C – Perfusão inadequada: Também esperada em perfis de baixo débito (perfil “frio” de Stevenson): extremidades frias, pele marmórea, pulsos finos, TEC prolongado, oligúria, confusão/sonolência. Representa a falha em atender demandas metabólicas. (Harrison; UpToDate)

D – Hipotensão: Embora muitos pacientes ambulatoriais tenham PA normal ou até elevada, a hipotensão é frequente em IC avançada/descompensada e no choque cardiogênico, sendo um sinal de gravidade por baixo débito.
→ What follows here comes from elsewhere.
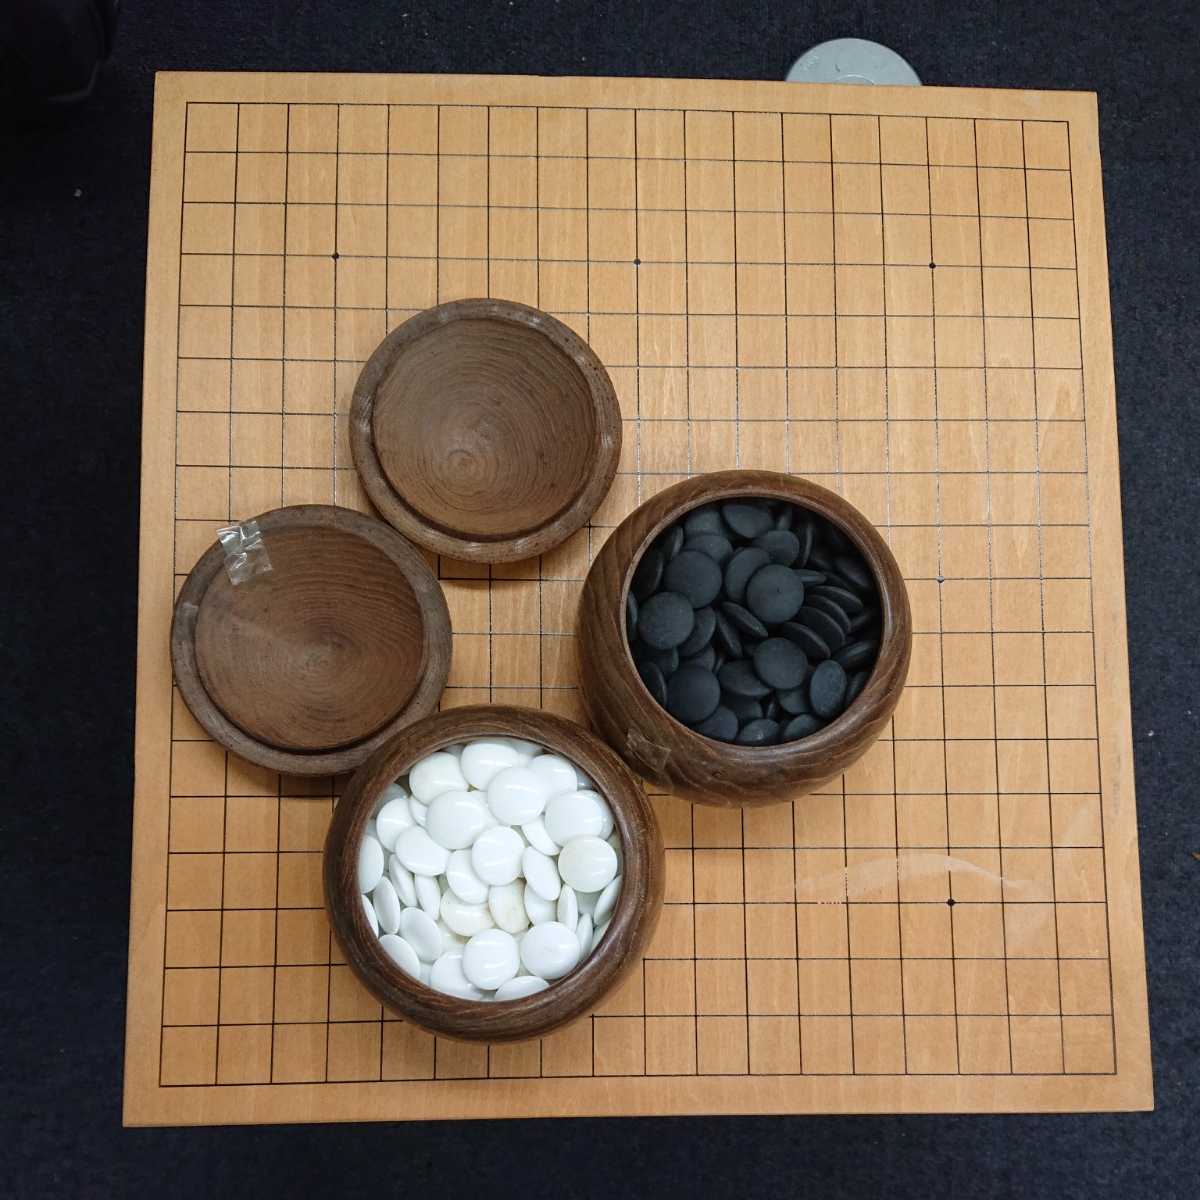 囲碁セット ゴム盤の碁盤 日本棋院取扱 とＰ碁笥 碁石普及セット 上品な

Portanto, é compatível com o exame físico da IC. (SBC 2018)

Estratégia para a prova: Quando a banca pedir o que “não é esperado” na IC, busque o que contraria a resposta simpática compensatória: em geral, taquicardia é esperada; portanto, bradicardia chama atenção como exceção. Atenção à pegadinha semântica: o enunciado cita “sintoma”, mas os itens listam sinais de exame físico.

Referências essenciais: Diretriz Brasileira de Insuficiência Cardíaca – SBC 2018; ACC/AHA/HFSA 2022 Heart Failure Guideline; UpToDate (Evaluation of patients with suspected heart failure); Harrison’s Principles of Internal Medicine.

Conclusão: A alternativa que não se espera no exame físico típico da IC é a B) Bradicardia, por contrariar a resposta fisiológica compensatória usual.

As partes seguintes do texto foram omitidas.